18+
реклама
18+
Бургер менюБургер меню

Алексей Солоницын – Пророк в своем Отечестве (страница 17)

18

Когда она привела детей к Федору Михайловичу, он тихо улыбнулся и слабо поманил к себе сначала Любу, потом Федю. Он зашептал им, чтобы они во всём слушались мать и любили ее.

– Более не надобно говорить, – сказал Дмитрий Иванович и посмотрел на часы. – Буду к семи.

Он поклонился и ушел.

– Аня, почитай Притчу о блудном сыне, – попросил Федор Михайлович.

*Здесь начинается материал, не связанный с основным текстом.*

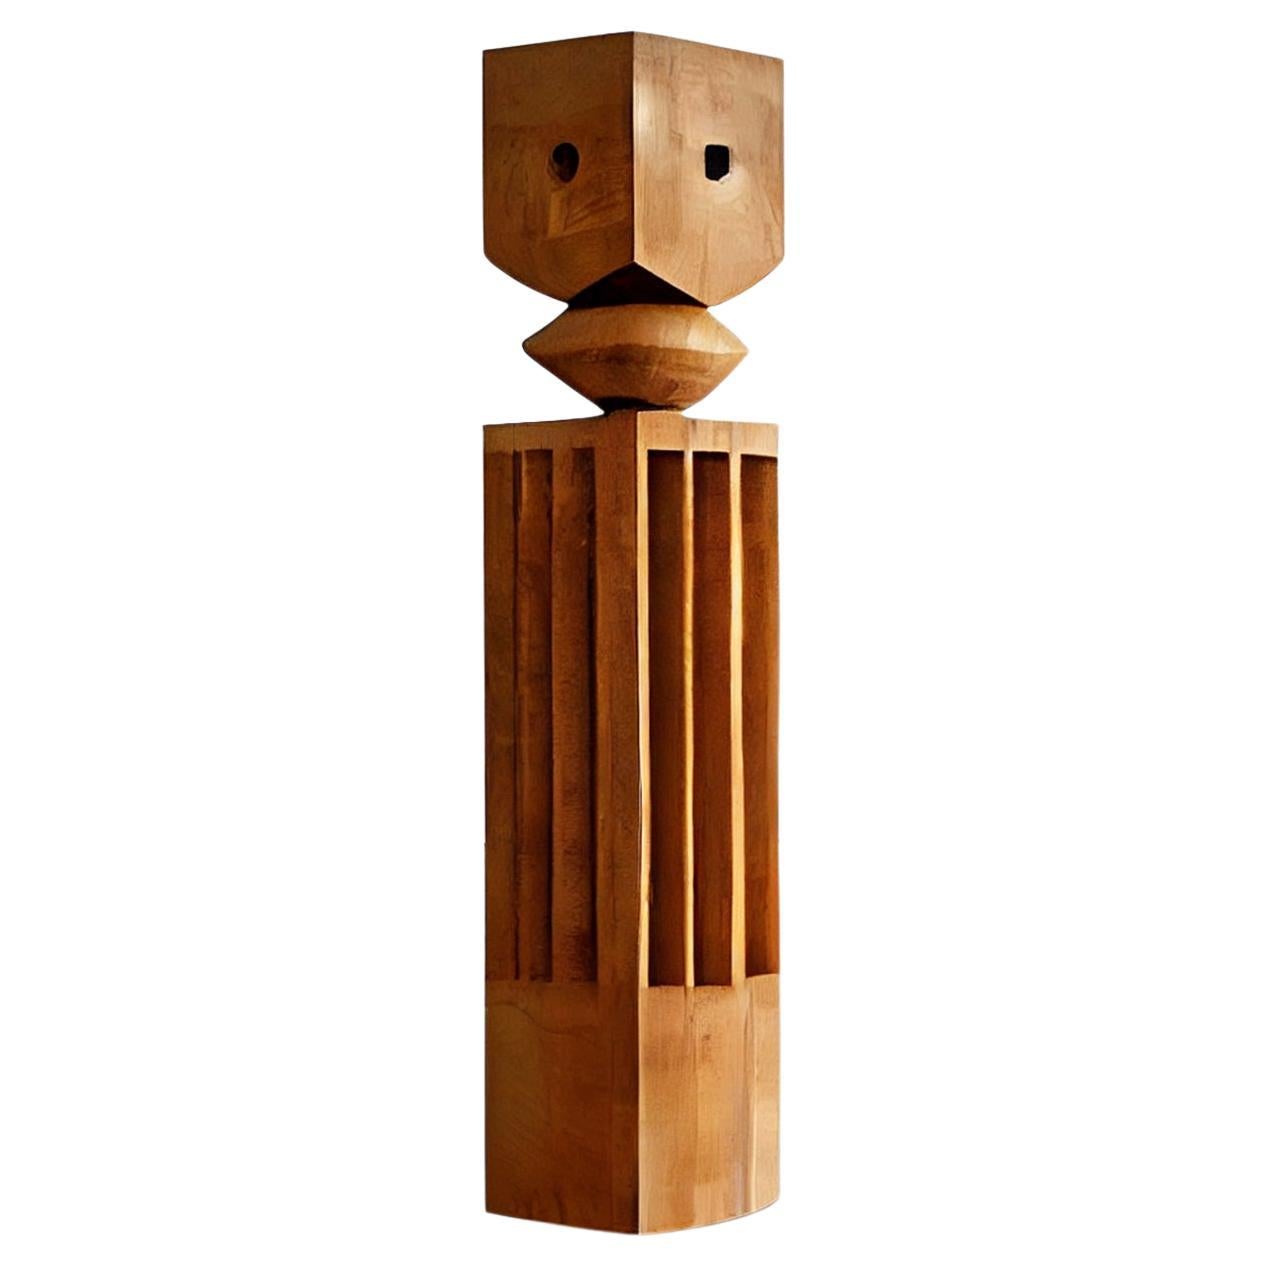 Figurative Holzskulptur, inspiriert von Constantin Brancusi-Kunst, 3 Könige von Nono C

Она не стала спрашивать, почему надо читать именно о блудном сыне, лишь вспомнила, что эта притча находится в Евангелии от Луки, нашла ее и начала:

– …У некоторого человека было два сына; и сказал младший из них отцу: отче! дай мне следующую мне часть имения.

И отец разделил им имение. По прошествии немногих дней младший сын, собрав все, пошел в дальнюю сторону и там расточил имение свое, живя распутно[41].

«Вот и у меня двое», – думал он, тихо улыбаясь и гладя руки Любы и Феди, которые сидели на стульях у его изголовья.

Детей могло быть четверо. Когда умер первенец, Сонечка, он думал, что вообще помешается. Схоронили ее в Женеве, уехали оттуда – как убежали… Внезапно умер и последний, Алеша – грустный мальчик трех лет… Вот как прекрасно бы встретиться… Это самая сильная идея религии, безусловно…

– Когда же он прожил все, настал великий голод в той стране, и он начал нуждаться, – продолжала читать Анна Григорьевна, – и пошел, пристал к одному из жителей страны той, а тот послал его на поля свои пасти свиней[42].

По худым, впалым щекам Аполлона Николаевича побежали слезы. Он быстро отвернулся и вытер их, но Федор Михайлович успел это заметить.

«Милый, прекрасный, замечательный человек!» – хотелось крикнуть ему, прижать друга к себе, ибо никого он так не любил. Был еще другой Аполлон, Григорьев, которого очень любил – за талант, за удаль, прощая ему всё – пьянство, разгул. Да полно, прощал ли? Нет, просто принимал его таким, каким он был, – с буйством и покаянием, со взлетами души и падениями ее…

Аполлон Майков совсем другой. Душа нежная, тихая, чистейшая…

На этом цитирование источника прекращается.